# [YOUR GOAL]
A faithful, word-for-word copy of the data below is required, without pictures.

# [RECORDED DATA]

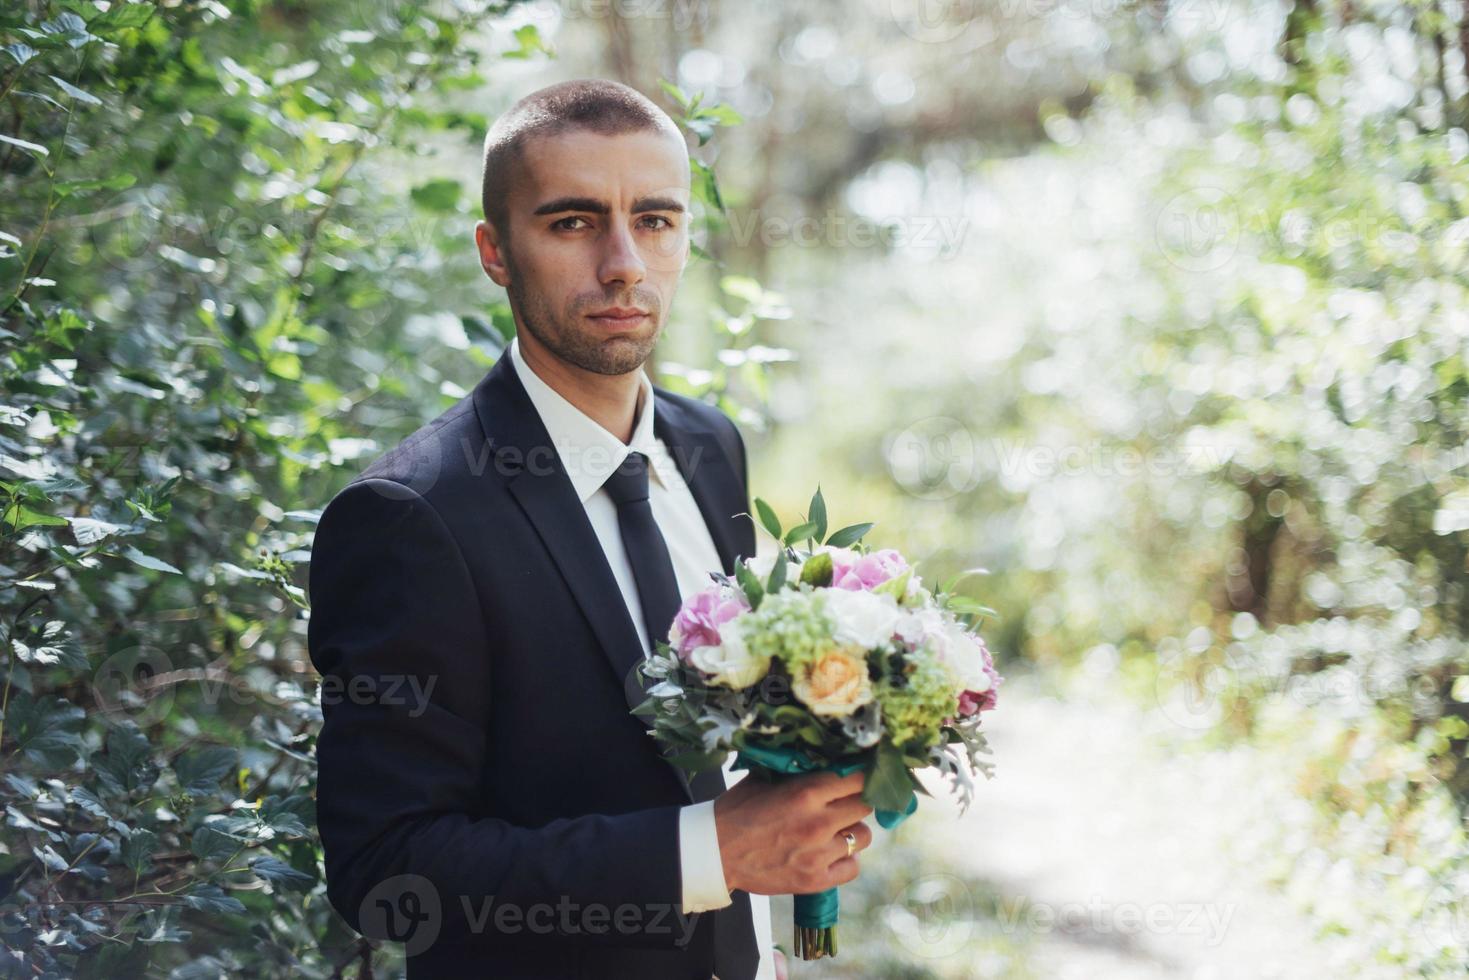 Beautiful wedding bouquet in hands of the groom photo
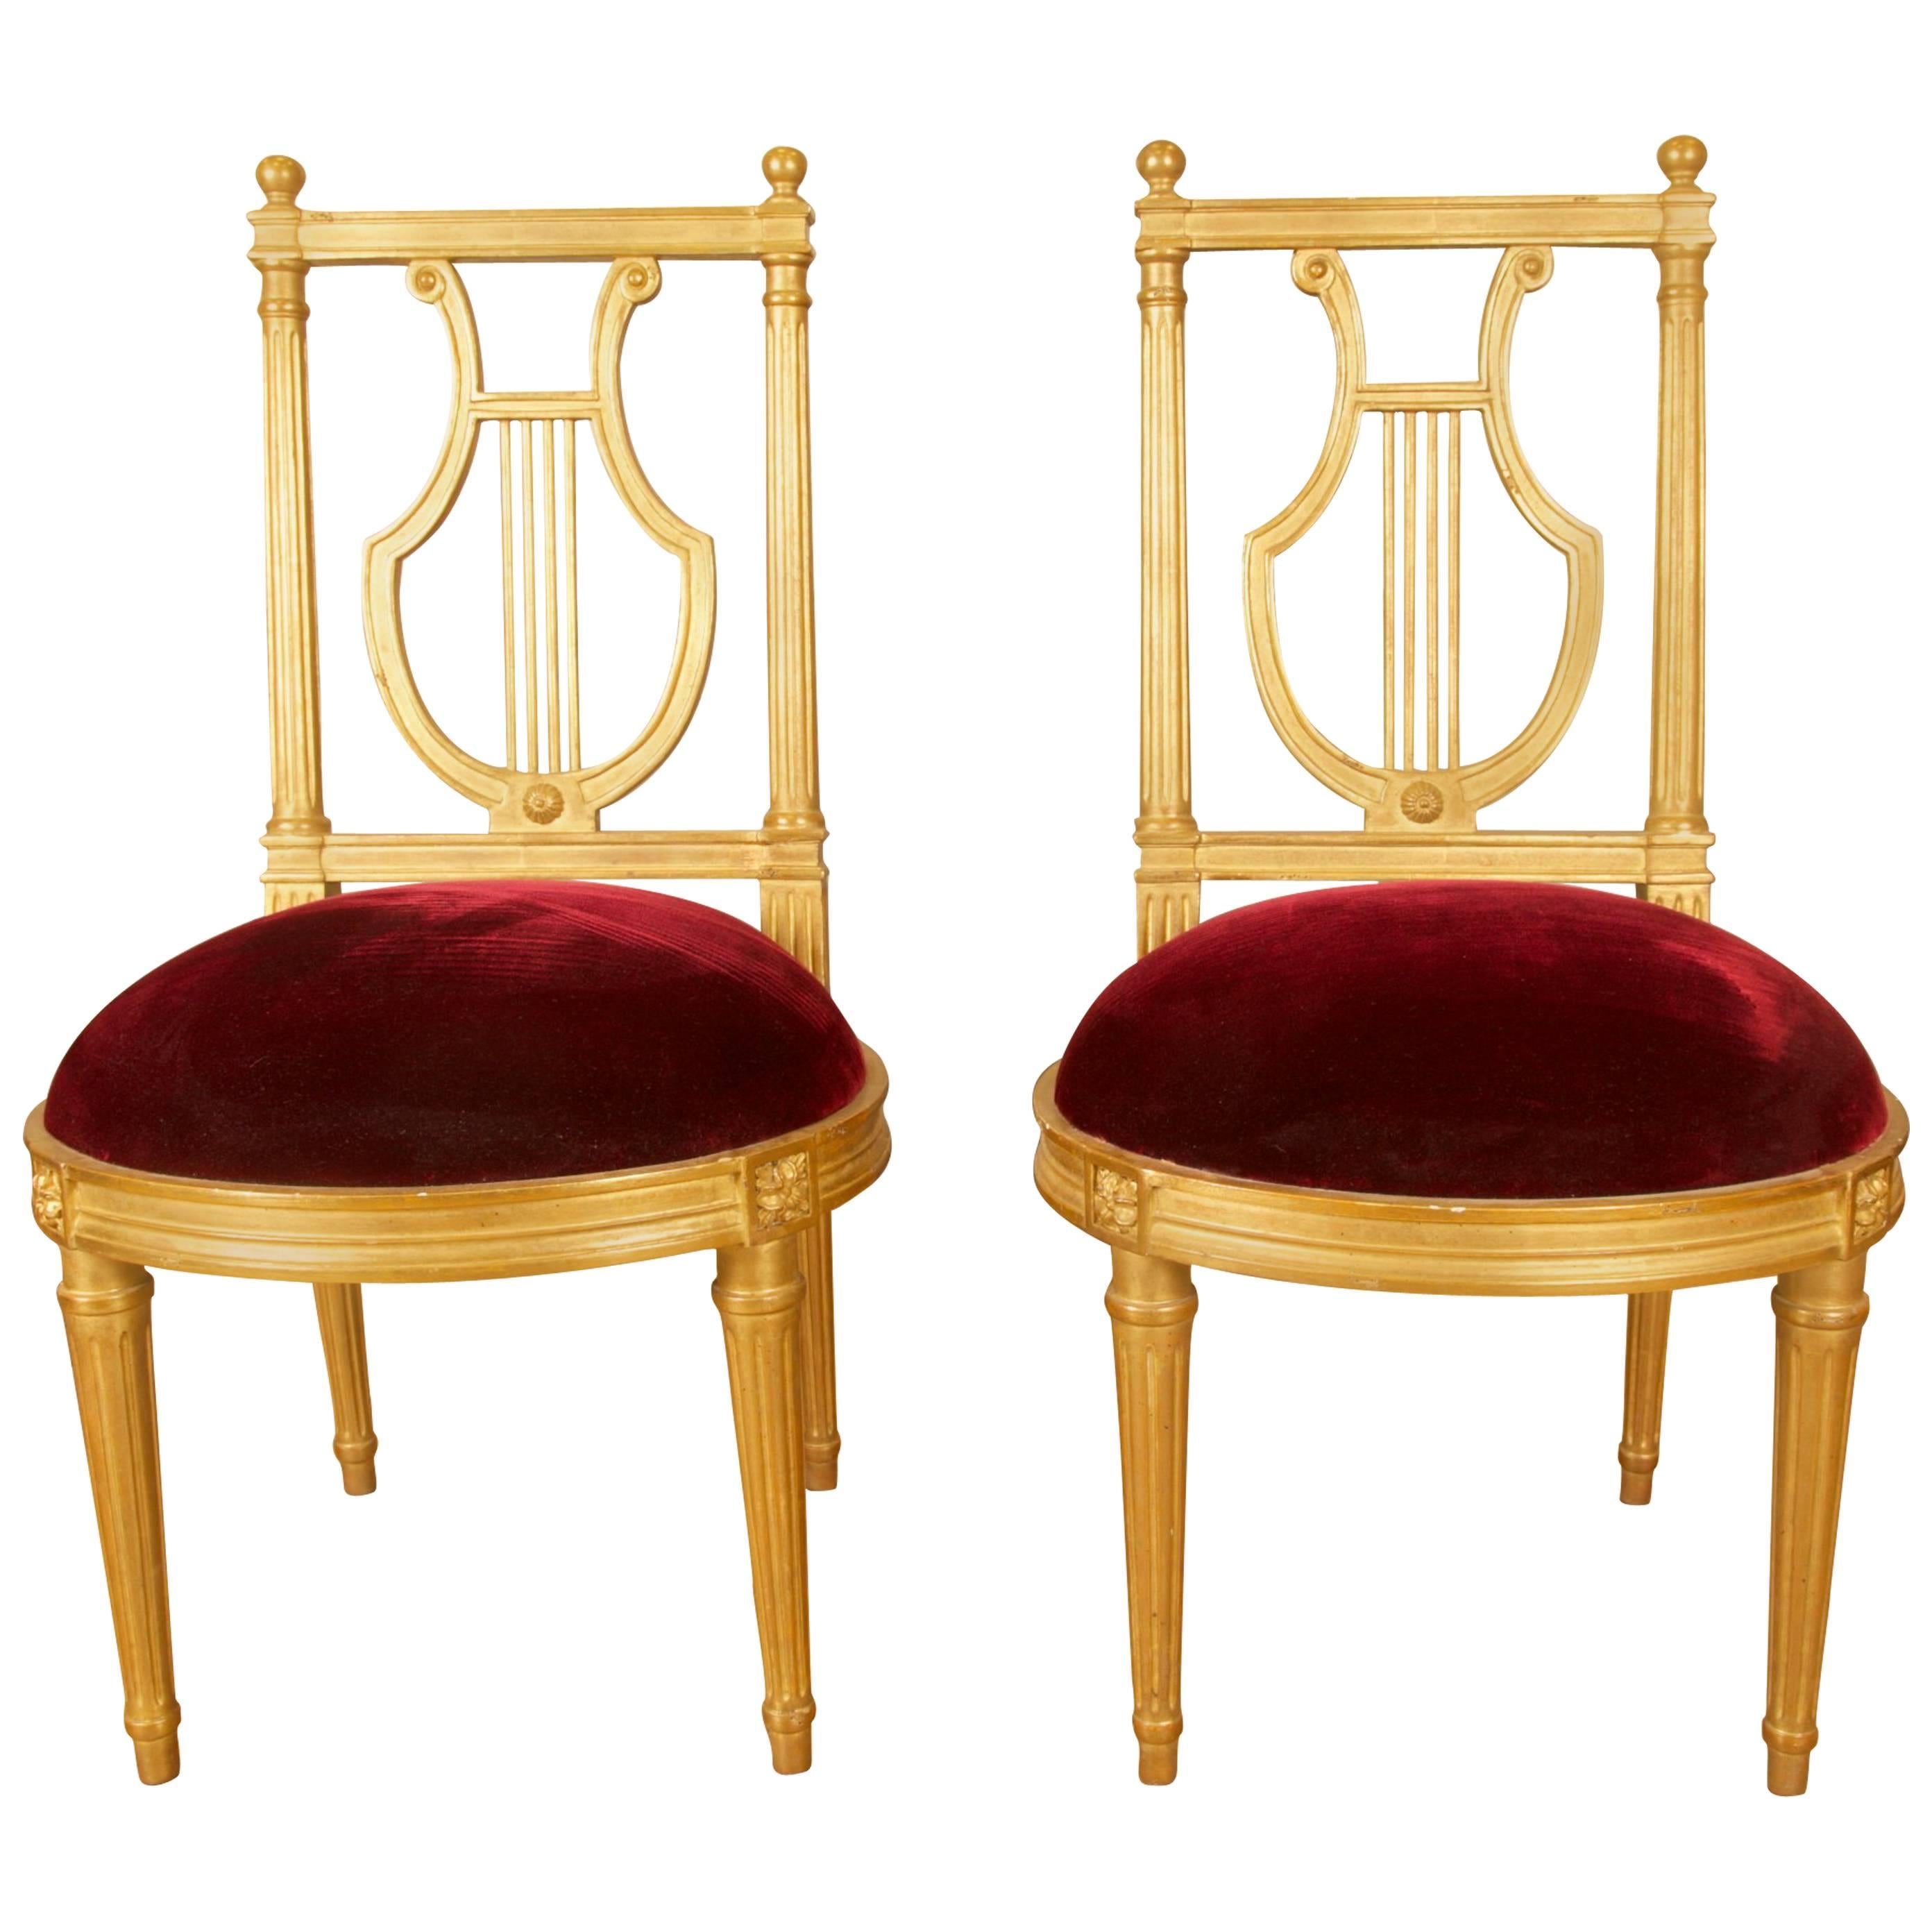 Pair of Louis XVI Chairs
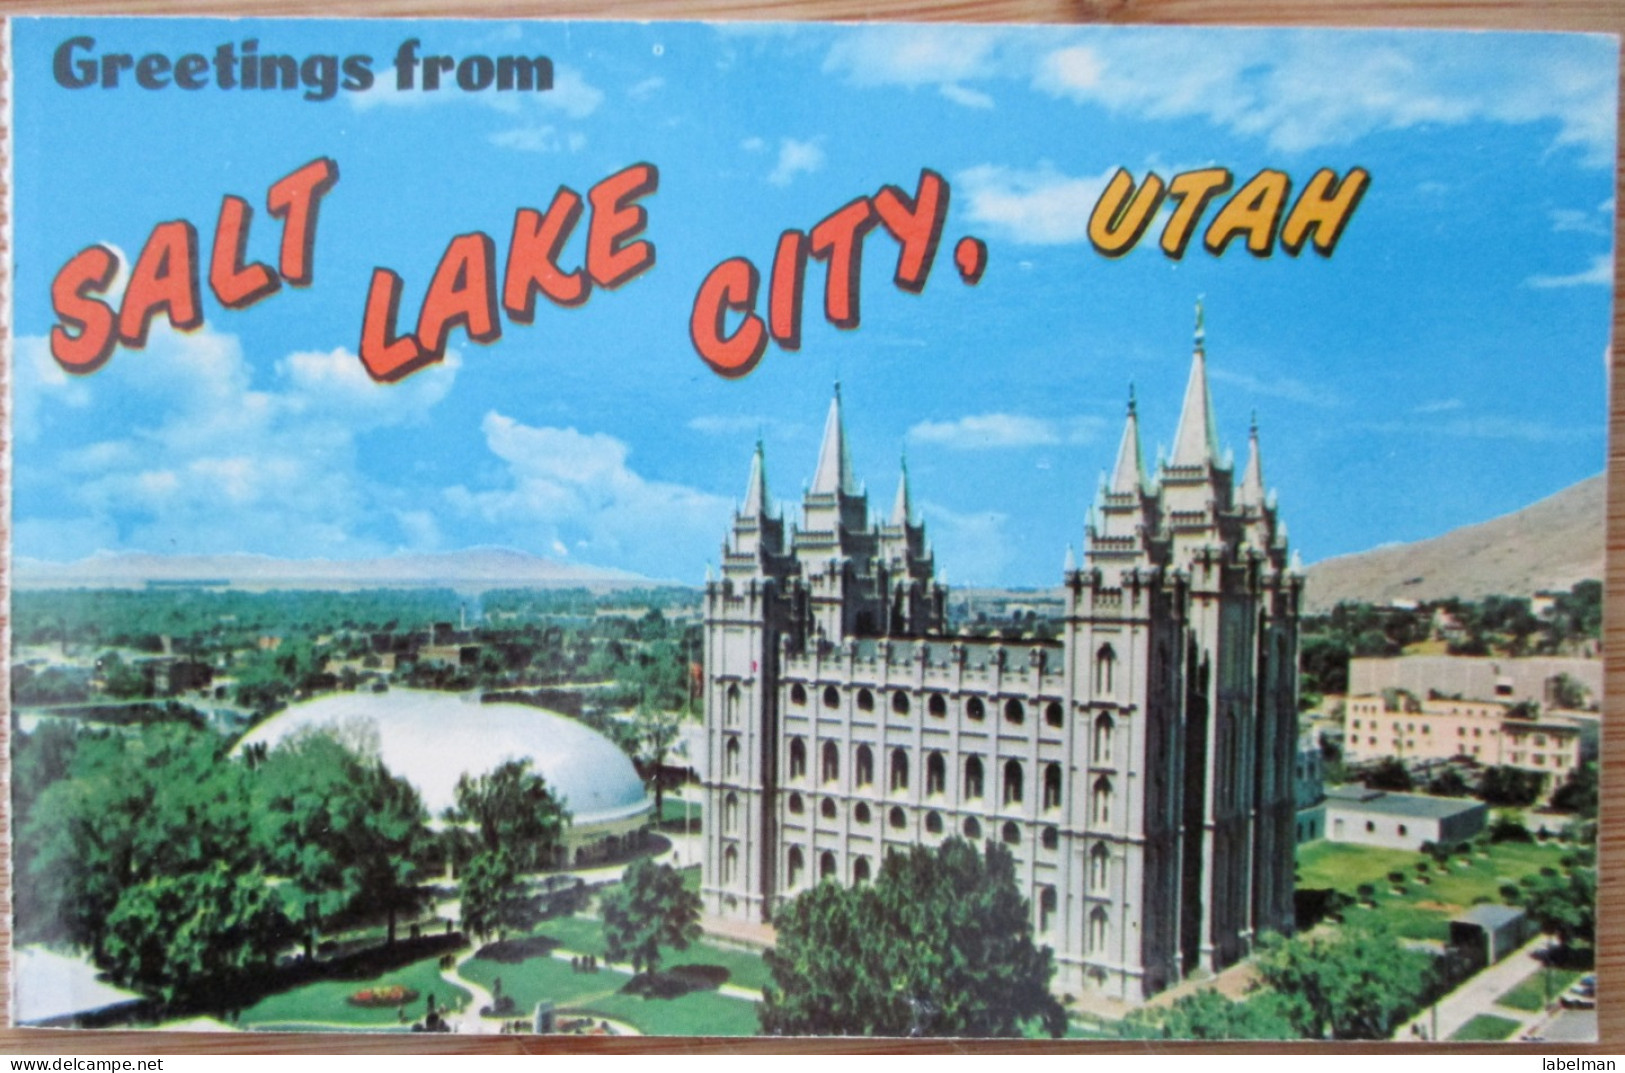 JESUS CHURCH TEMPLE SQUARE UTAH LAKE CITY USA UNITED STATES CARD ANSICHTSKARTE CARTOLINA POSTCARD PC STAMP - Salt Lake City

# [WORKED SOLUTION]
 Beautiful wedding bouquet in hands of the groom photo
 Pair of Louis XVI Chairs
 JESUS CHURCH TEMPLE SQUARE UTAH LAKE CITY USA UNITED STATES CARD ANSICHTSKARTE CARTOLINA POSTCARD PC STAMP - Salt Lake City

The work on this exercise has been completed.